In the past several weeks, there have been some important Second Amendment cases decided. I examined the Ninth Circuit’s decision on large-capacity magazines last week and offered some thoughts on the reasoning that led the court to strike down CA’s ban. There have also been a few other notable developments.

  • In Association of New Jersey Rifle and Pistol Clubs v. Attorney General, the Third Circuit reaffirmed its disagreement with the Ninth Circuit’s conclusion on LCMs. On Tuesday, the panel concluded it was bound by a prior panel’s decision that New Jersey’s 10-round magazine cap does not substantially burden core protected conduct and need only satisfy intermediate scrutiny, which it did. One noteworthy aspect of the case is that another dissenting judge argued that the circuit should scrap its methodological approach to Second Amendment questions and replace it with the Kavanaugh-inspired “text, history, and tradition” approach. With the Third Circuit now numbering more Republican-appointed judges than Democratic-appointed ones, a call for en banc here might give those judges a chance to work the change in circuit doctrine. We’ve hosted a fair amount of commentary on this blog about the text, history, and tradition approach—here are just a few examples.

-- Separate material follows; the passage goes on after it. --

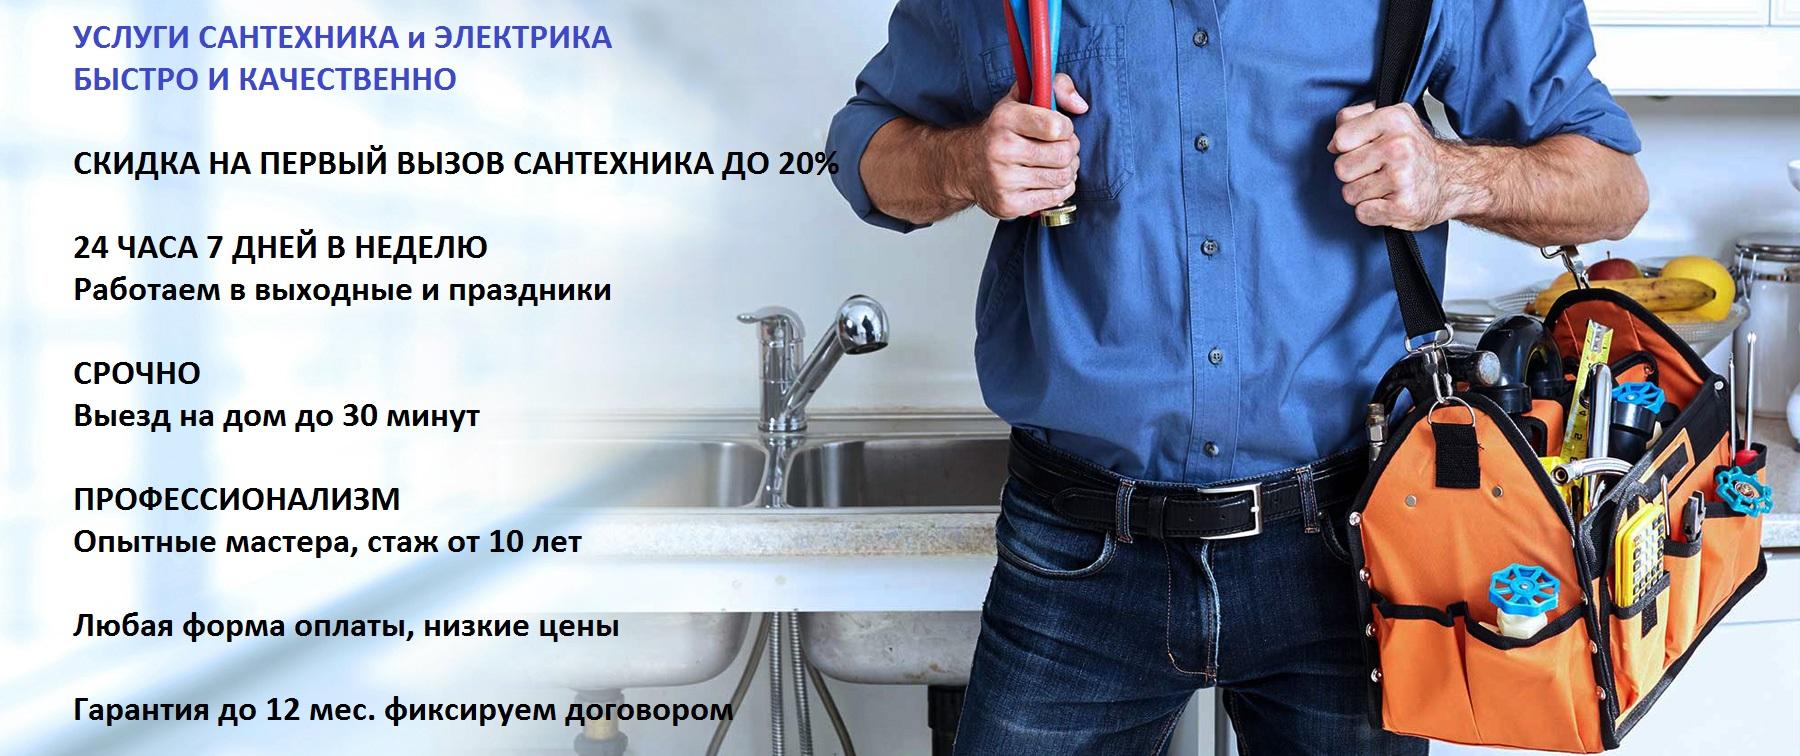 Сантехник Уфа 24 часа

  • In Maryland Shall Issue v. Hogan, the Fourth Circuit held that a gun seller had standing to raise its and (through third-party standing) its customers’ Second Amendment claims against Maryland’s handgun licensing law. That case will now return to the lower court for analysis of those claims.
  • In Baird v. Becerra, a district judge in the Eastern District of California preserved a challenge to California’s open carry licensing regime. The court denied both the plaintiff’s request for a preliminary injunction stopping the law from going into effect and also parts of the defendant’s motion to dismiss the case. That case—and most importantly the Second Amendment claim—will move forward in the district court.